This is the third installment on a series to help better understand the chemistry of essential plant nutrients as well as how they function in the plant.  Potassium is also known as potash since historically it was extracted from tree ashes.  The term potash is used occasionally in regards to plant nutrition and chemistry but more commonly it's used in reference to potassium containing mineral ores. 

 

Extremely Soluble

Potassium salts are among the most soluble from any of the elements and pretty much any salt formed with it as a component will dissolve in water.  A noteworthy exception would be minerals  with a complex makeup (some types of clay for example) that might contain potassium as one of their components as these could be present in soils but would not provide any potassium.

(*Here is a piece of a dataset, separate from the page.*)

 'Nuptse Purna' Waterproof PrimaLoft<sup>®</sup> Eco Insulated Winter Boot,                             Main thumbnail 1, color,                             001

A trick for getting organic acids into solution is to add potassium hydroxide to form a potassium salt (the same can be said about sodium).  The best known example of this is traditional soap which takes fatty acids and reacts them with potassium hydroxide.  

 

 
potassium hydroxide SOAP

 

*Did You Know?*

Potash is mined deep underground where it's found mostly in the form of potassium chloride.  These deposits are the remnants of shallow seas which evaporated and had their salt deposits solidify.  Over time they were buried by other layers.  The largest of these deposits are in Saskatchewan Canada which are the remnants of the Western Interior Seaway which split the North American continent in two. 

 

Western Interior Seaway

 

Ionic "Pump"

Water has a high affinity for salts and left on it's own water will move towards an area of higher salinity and salts will move to an area of lower salinity (assuming there's water in place to bridge the gap).  Plants make use of this phenomenon by increasing the salinity levels in leaves which helps to force water into them.  Potassium is the ion primarily responsible for this. 

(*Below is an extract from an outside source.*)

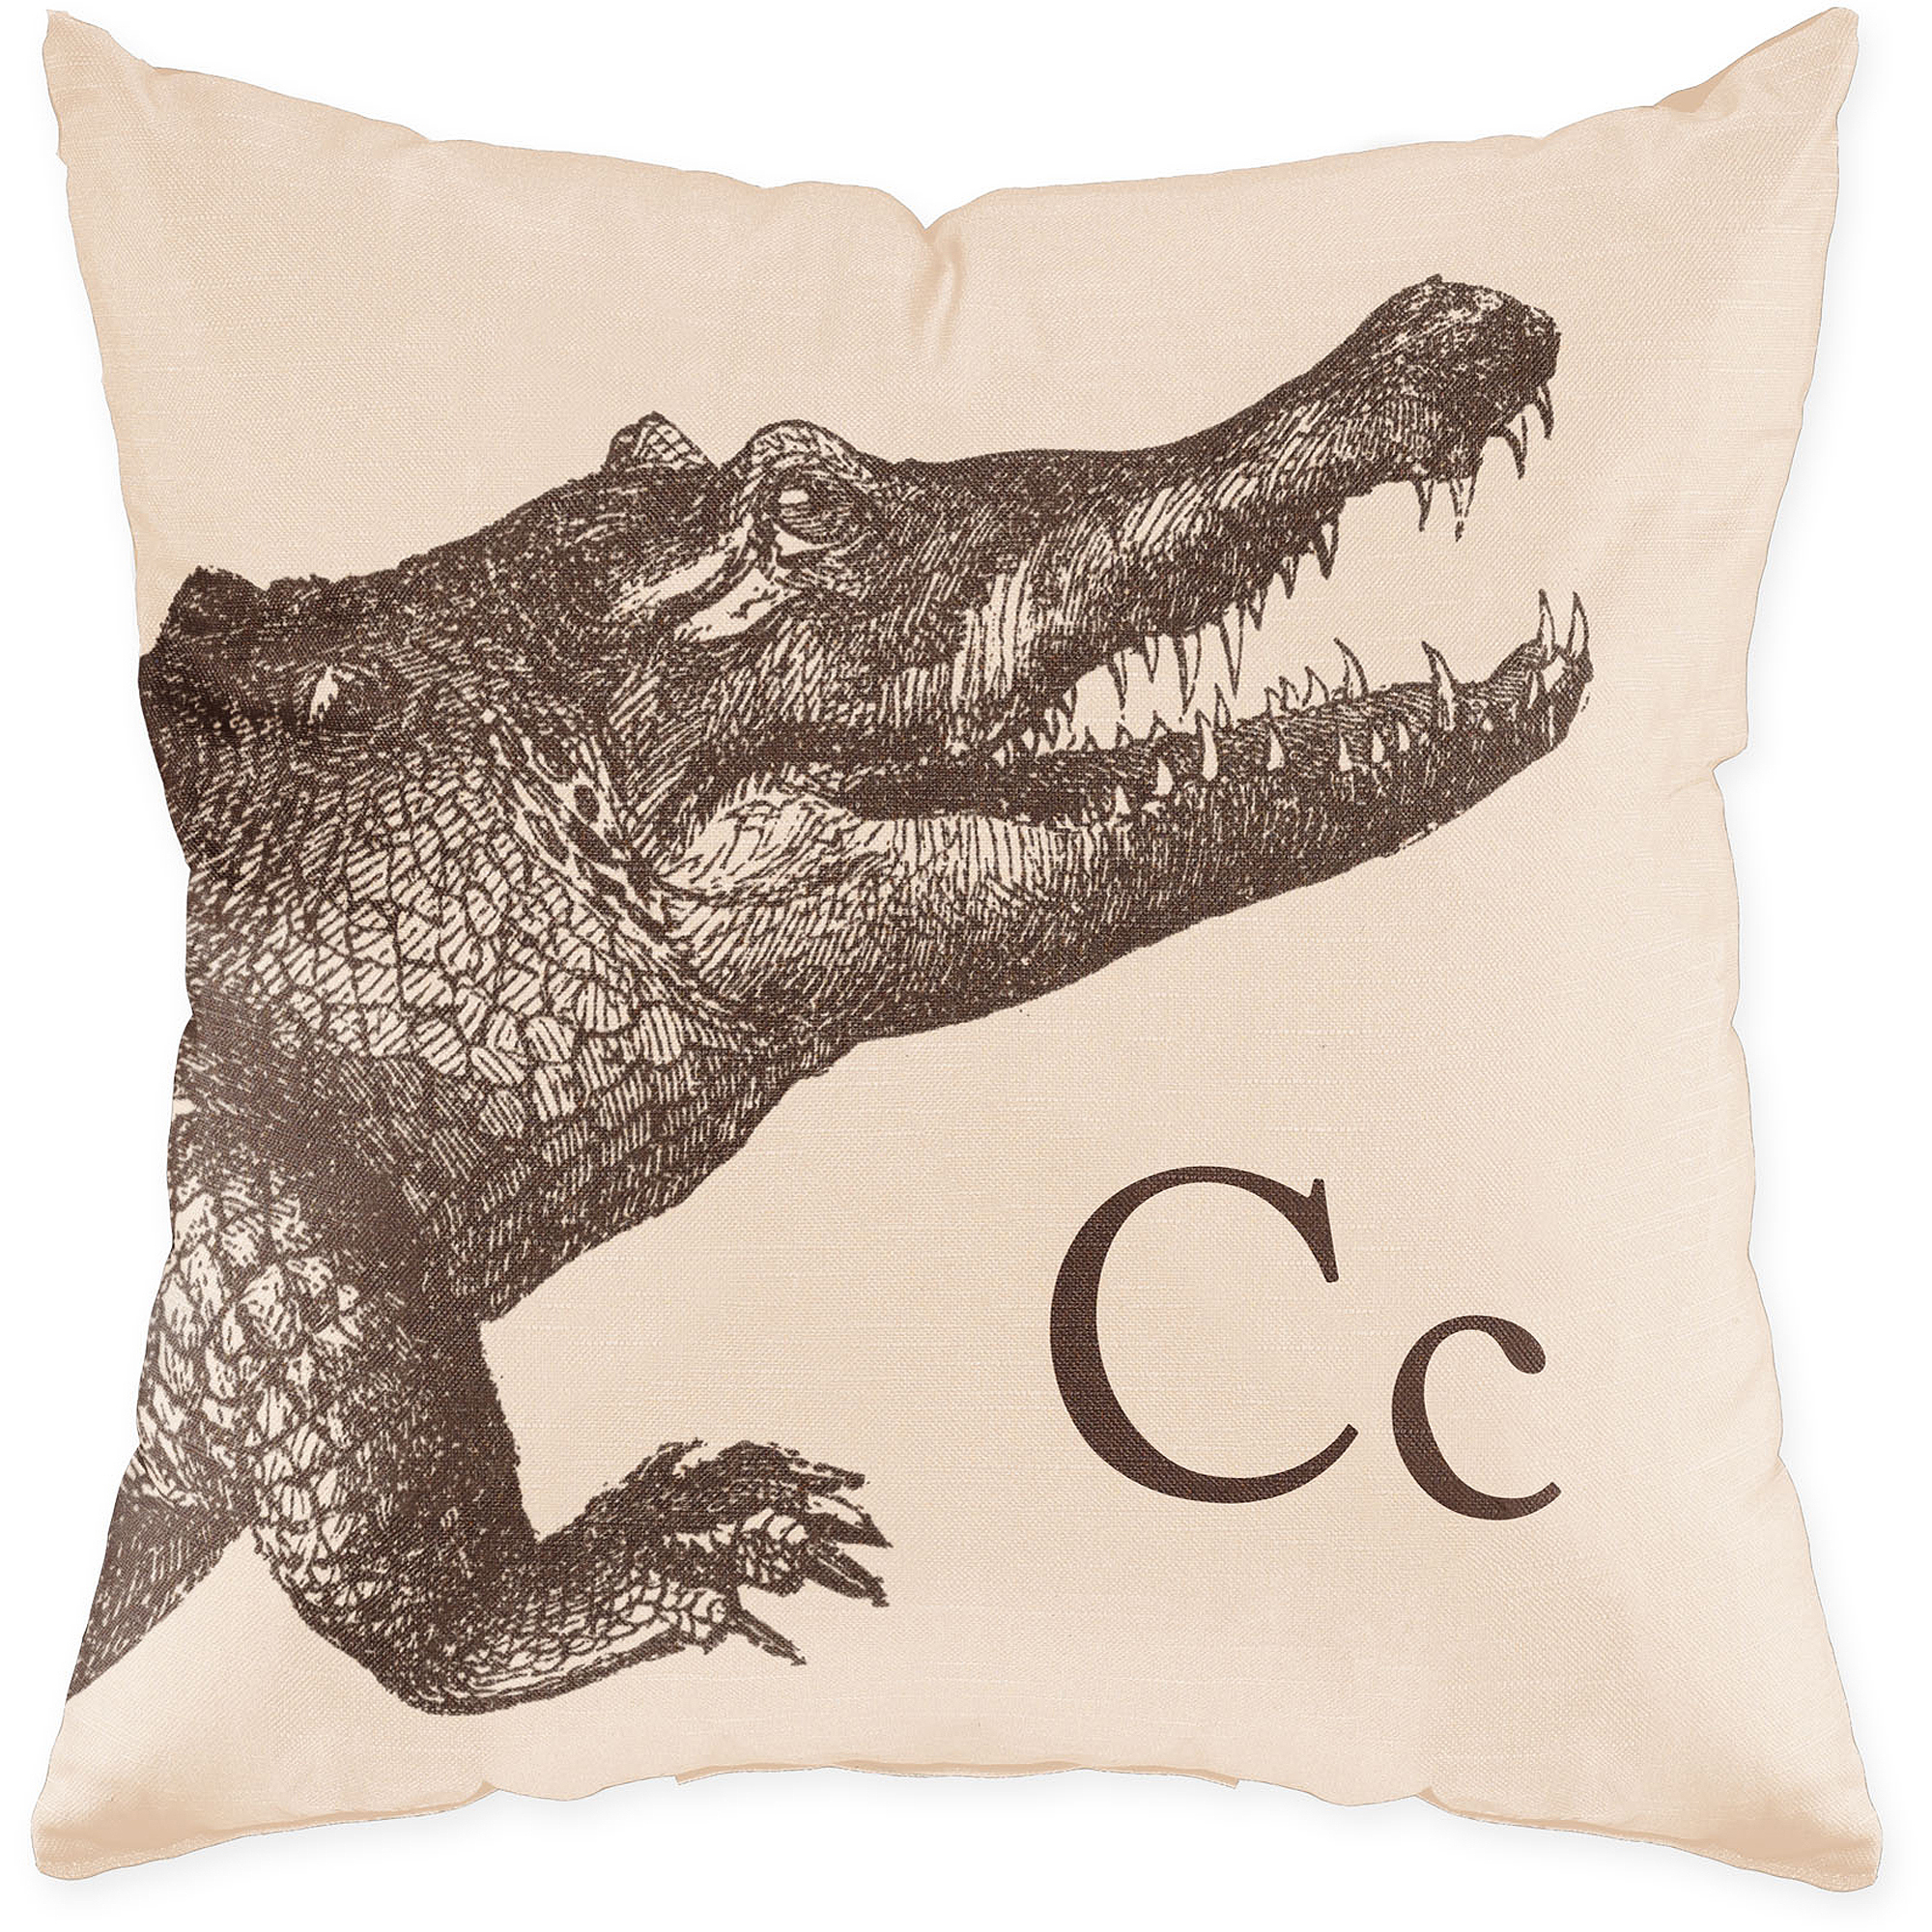 Checkerboard Lifestyle Crocodile Sand Throw Throw Pillow, Sand

Guard cells are specialized structures on the leaf found on either side of the stomata which open and close to regulate gas exchange, especially water vapour. If they are open water evaporates and then more water along with nutrients are "pumped" from the roots.  If water is in short supply however they will close and shut down transpiration until water is more abundant.  High potassium levels opens the stomata, and lower will close them.

In addition to minerals various other plant metabolites are transported around the plant using this system. 

 

A Leaf Cross Section Showing the Guard Cells in Closed Position
A Leaf Cross Section Showing the Guard Cells in Closed Position

 

In a Pinch Sodium can be Substituted

Like any other nutrient some soils can have an abundance while others can be deficient.  Sodium is closely related to potassium on the atomic level giving the 2 elements many of the same properties.  Because of this if a soil is low in potassium but has adequate sodium levels the plant will start using sodium instead.  This doesn't mean that sodium is interchangeable however.  A plant having to do this will not be healthy and will limp along until the end of its life cycle. 

 

Optimizing Enzyme Activity

Enzymes work under very specific conditions most important being temperature and pH and enzymes will require intracellular pH levels of 8.0 - 9.0.  Potassium is alkaline by nature and so its presence will drive the pH up into this range. 

 

The number of functions of potassium is fairly limited compared to some of the other nutrients.  It doesn't directly take part in reactions and isn't incorporated into metabolites the way that other nutrients are but rather helps to create the necessary environment for plant metabolism to occur in.